Namespace entries by adapter spec when LoRA is in play (KV computed under one adapter must not seed another’s prefill).

import { saveKvCache, loadKvCache } from "./src/kv-store";
saveKvCache("/tmp/prefix.kv", tokens, caches); // page-aligned file
const { tokens, caches, mmap } = loadKvCache("/tmp/prefix.kv", model as Gemma4Model);
// reload is a zero-copy MAP_PRIVATE mmap straight to the GPU (~1 ms);
// keep `mmap` referenced as long as the caches live
// Note: loadKvCache is typed to accept Gemma4Model, but only uses model.layers.length
// at runtime — a cast from RuntimeModel is safe for any model that has a layers array.

Quantized caches are not persistable yet (documented gap).

Registry + fit (model discovery and memory math)

Section titled “Registry + fit (model discovery and memory math)”
import { Registry, fit, skuMatrix } from "mlx-bun";
const reg = new Registry(); // bun:sqlite, scans the HF cache
await reg.scan();
const m = reg.resolve("12B"); // unique-match query, throws on ambiguity
const report = fit(await loadModelConfig(m.path), m.sizeBytes, 8192,
undefined, undefined, m.expertsBytes);
// report: { fits, maxSafeContext, predictedDecodeTps, kvBytes, … }

fit is calibrated per chip family (MoE-aware: decode reads active experts only).
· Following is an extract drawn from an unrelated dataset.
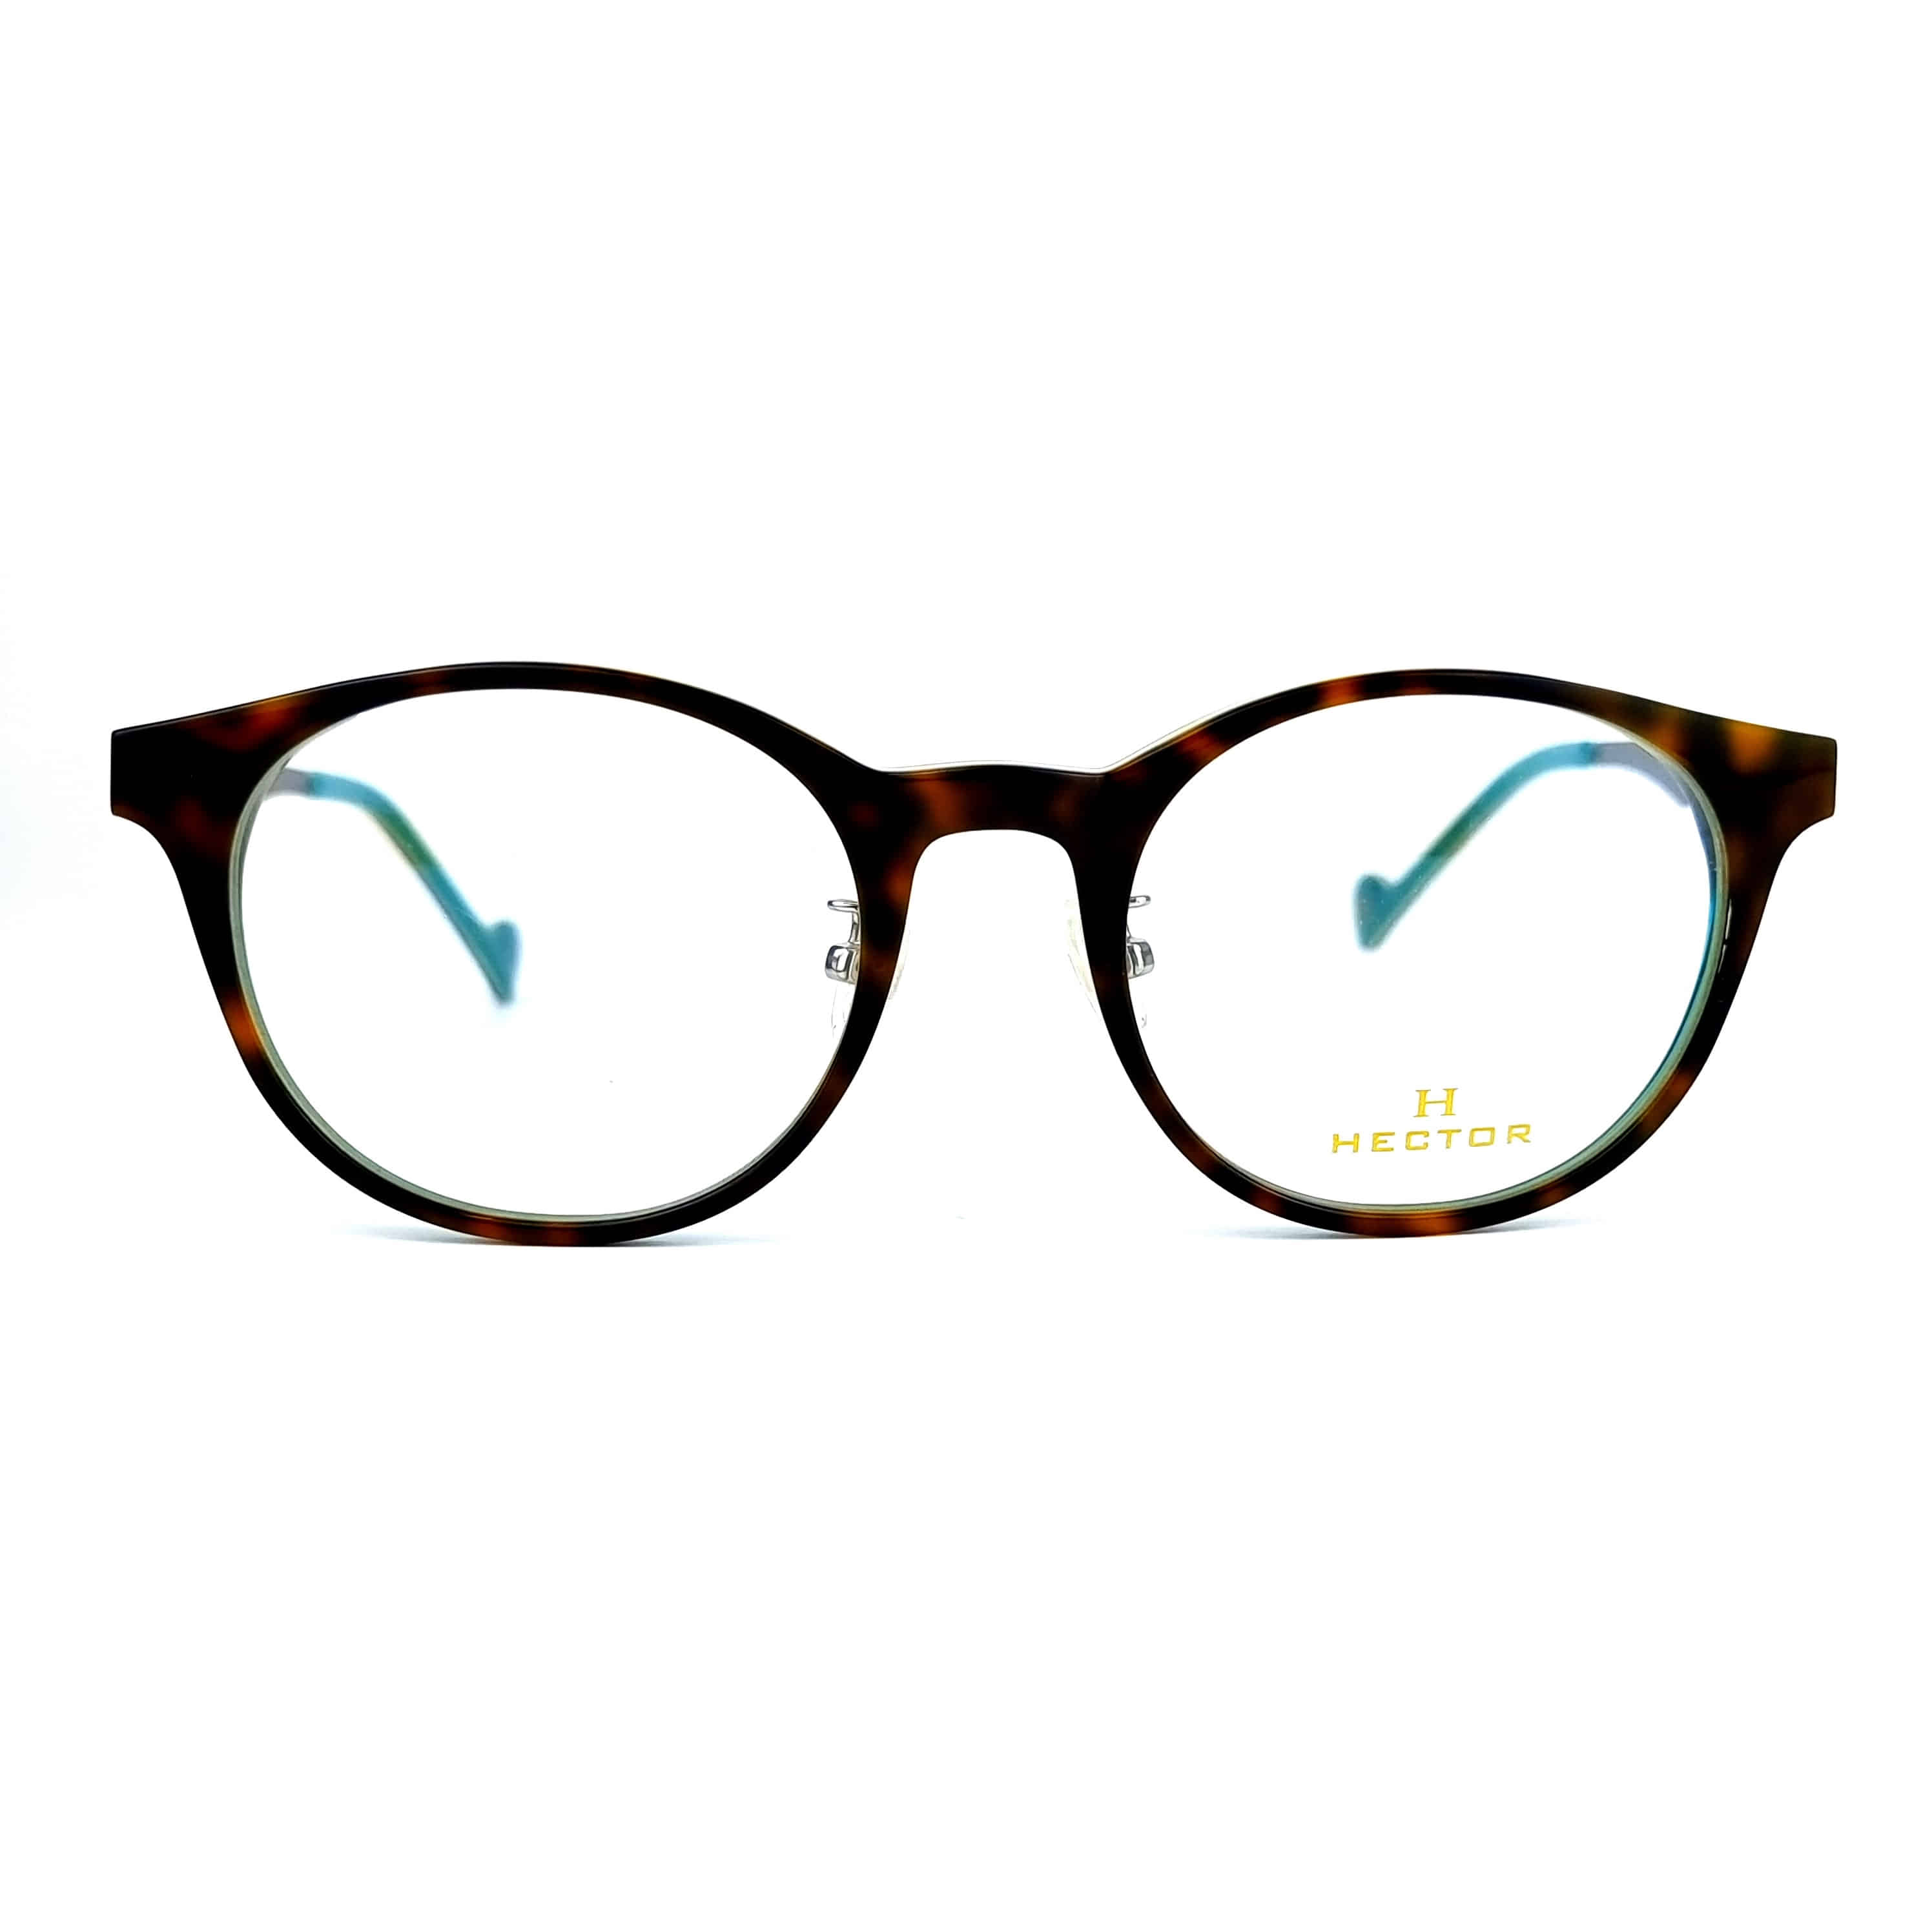 블루 호피 무늬 고급진 색상 헥토르 안경 HTR 8C-블루 명품안경

The server uses it for admission; mlx-bun fit <query> is the CLI face.

import { AdapterManager } from "./src/lora";
const adapters = new AdapterManager(model);
await adapters.mount("upper", "/path/to/adapter-dir"); // all-or-nothing validation
const gen = generate(model, promptIds, { adapters: ["upper"] });

Mount N adapters on one base; selection is per-generation; an unselected adapter costs nothing; base logits are byte-identical after any amount of switching.

  • MlxArray wrappers have explicit .dispose() with a FinalizationRegistry backstop — dispose what you create in hot paths.
  • Caches you own (from model.makeCache() outside the prompt cache): dispose each via c.dispose() when done.
  • GPU OOM is uncatchable (mlx throws from a Metal completion handler → process death). Use fit/admission before generating, not try/catch around it.
  • Never read a typed array that native code wrote in a hot path; use the read.* helpers (bun#32054 — see PLAN-archive.md Phase 4 findings).